Chapter 19 — Further Reading

DataField.Dev

Chapter 19 — Further Reading

Annotated pointers for going deeper on orthogonal projection, the projection matrix, and least squares. Mapped to the three standard texts this book tracks — Strang (geometric/applied), Axler (abstract/proof-first), Boyd–Vandenberghe (applications/optimization) — plus free online resources.

Primary textbook sections

Gilbert Strang, Introduction to Linear Algebra (6th ed.), §4.2–4.3. The closest match to this chapter. §4.2 ("Projections") derives projection onto a line and onto a subspace and builds $P = A(A^{\mathsf{T}}A)^{-1}A^{\mathsf{T}}$ exactly as we do, emphasizing $P^2 = P$ and $P^{\mathsf{T}} = P$; §4.3 ("Least Squares Approximations") connects it to regression and the normal equations. Strang's geometric framing — projection as the heart of least squares — is the spirit of this entire chapter. Read this first if you want a second pass over the same material.
Gilbert Strang, MIT 18.06 lectures (OpenCourseWare / YouTube), Lectures 15–16. "Projections onto Subspaces" and "Projection Matrices and Least Squares." Strang at the chalkboard deriving the projection matrix and motivating least squares; the closest free supplement to this chapter, and the source many readers find clicks the geometry into place. Free at ocw.mit.edu (course 18.06).
Sheldon Axler, Linear Algebra Done Right (4th ed.), §6.B ("Orthogonal Complements and Minimization Problems"). The abstract, inner-product-space treatment: the orthogonal decomposition $V = U \oplus U^{\perp}$, the orthogonal projection $P_U$ defined coordinate-free, and the minimization theorem (our closest-point theorem) proved in full generality. Axler defines the projection by its properties rather than by a matrix formula, which is the right viewpoint for the function spaces of Chapters 22 and 34. For the math track.
Stephen Boyd & Lieven Vandenberghe, Introduction to Applied Linear Algebra (VMLS) (2018), Chapters 12–13. "Least Squares" and "Least Squares Data Fitting." The applications-and-optimization angle: least squares as the foundation of data fitting, the normal equations, and why you solve them via QR (Chapter 20) rather than by inverting $A^{\mathsf{T}}A$. Excellent on the engineering of least squares and packed with real examples. Free PDF at stanford.edu/~boyd/vmls/.

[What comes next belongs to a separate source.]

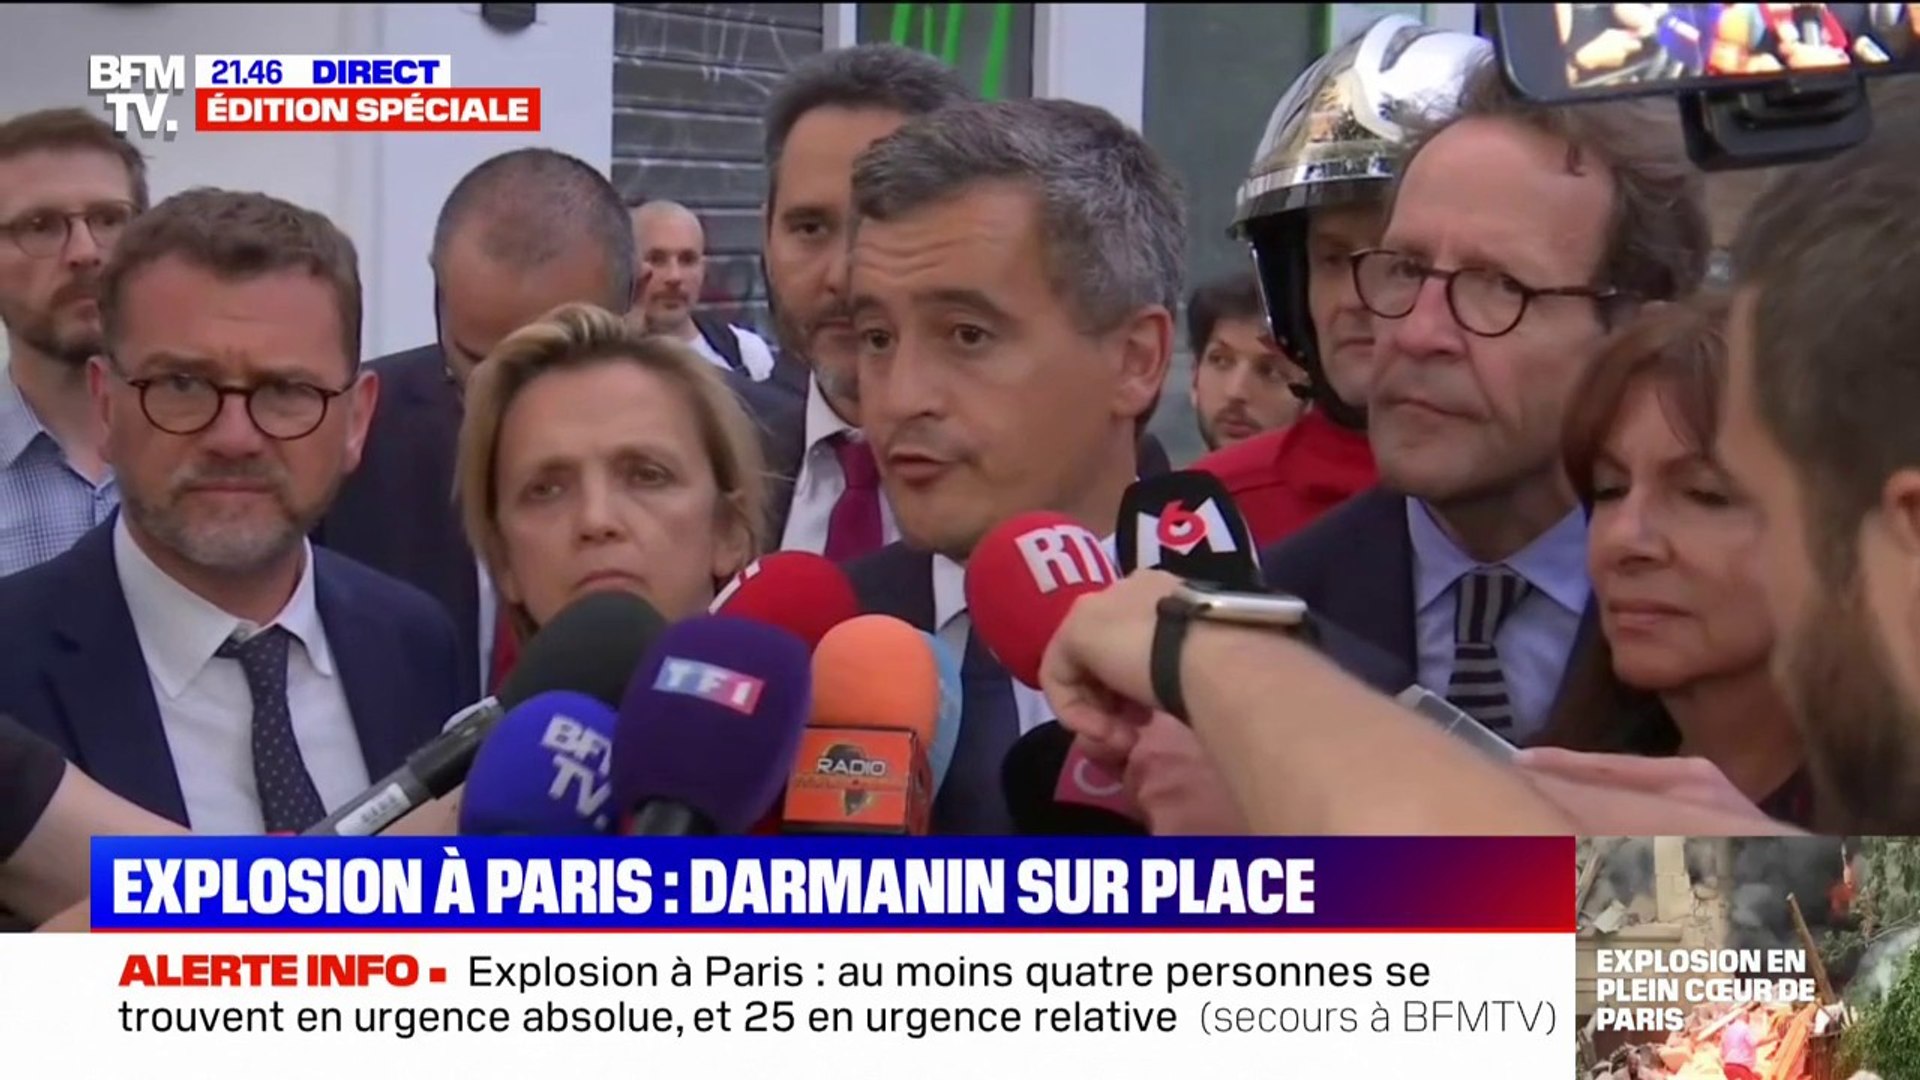 Explosion à Paris: Gérald Darmanin donne le bilan de "33 blessés en urgence  relative et 4 blessés en urgence absolue" avec "pronostics vitaux engagés"  - Vidéo Dailymotion
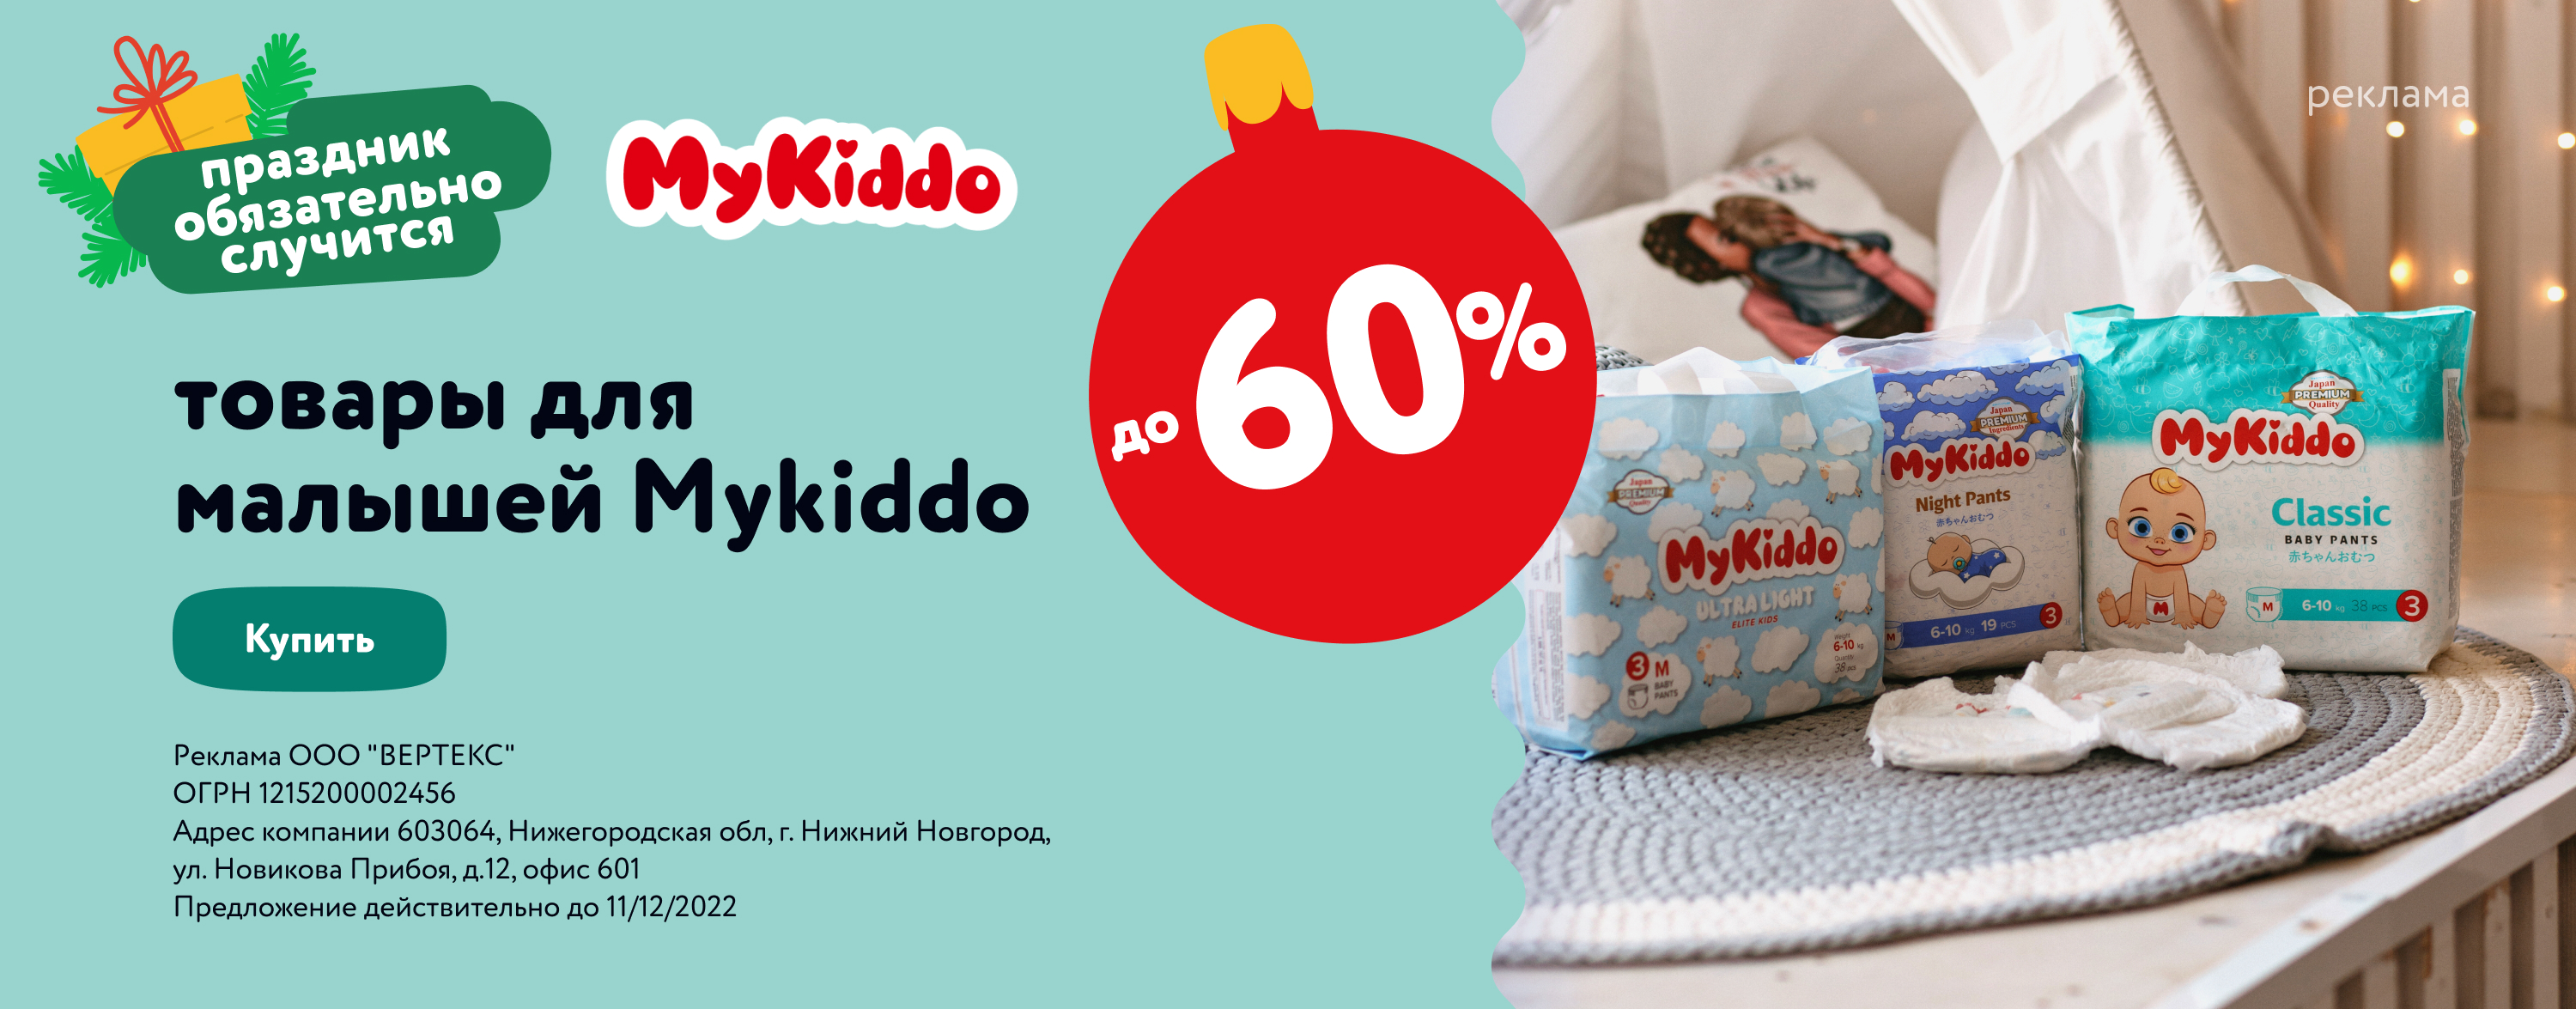 Скидки до 60% на товары бренда MyKiddo (категории)(

Going deeper on specific threads

Numerical caution — why not to form $A^{\mathsf{T}}A$: Trefethen & Bau, Numerical Linear Algebra (1997), Lectures 11 and 18–19, explains how squaring $A$ squares its condition number and why QR/SVD-based least squares is the professional standard. This is the rigorous backing for the chapter's Computational Note and a preview of Chapter 38.
The hat matrix in statistics: any regression text (e.g. Hastie, Tibshirani & Friedman, The Elements of Statistical Learning, §3.2, free PDF at hastie.su.domains/ElemStatLearn/) develops $\hat{\mathbf{y}} = H\mathbf{y}$ with $H = X(X^{\mathsf{T}}X)^{-1}X^{\mathsf{T}}$ — our projection matrix under the statistician's name — and its leverage interpretation (the diagonal of $H$). Confirms "least squares is projection" from the data-science side.
Oblique vs. orthogonal projections: Meyer, Matrix Analysis and Applied Linear Algebra (2000), §5.9 and §5.13, gives the cleanest treatment of general (oblique) projectors and the characterization that symmetric idempotents are exactly the orthogonal ones — the rigorous version of §19.7's Warning and Math-Major Sidebar.
3Blue1Brown, Essence of Linear Algebra (YouTube). While there is no episode titled "projection," the chapters on dot products, change of basis, and the geometry of linear maps build the visual intuition that makes projection obvious. Pair with Strang's lectures for the geometry-first experience this book aims for.

Documentation and tools

numpy.linalg.lstsq — the function you should actually use for least squares; solves $\min\lVert A\mathbf{x} - \mathbf{b}\rVert$ via SVD without forming $A^{\mathsf{T}}A$. See the NumPy reference manual.
scipy.linalg.lstsq and numpy.linalg.qr — the QR route of Chapter 20, the recommended path for production least squares.
numpy.linalg.matrix_rank — checking the full-column-rank condition before trusting projection coefficients.

How to use these

If you want one more geometric pass, read Strang §4.2–4.3 and watch 18.06 Lectures 15–16. If you are on the math track and want the abstract picture that generalizes to function spaces, read Axler §6.B. If you care about applications and getting the numerics right, read Boyd–Vandenberghe Ch. 12–13 and skim Trefethen & Bau Lecture 11. All four agree on the central message of this chapter: orthogonal projection is the geometry, and least squares is what it looks like when you apply it to data.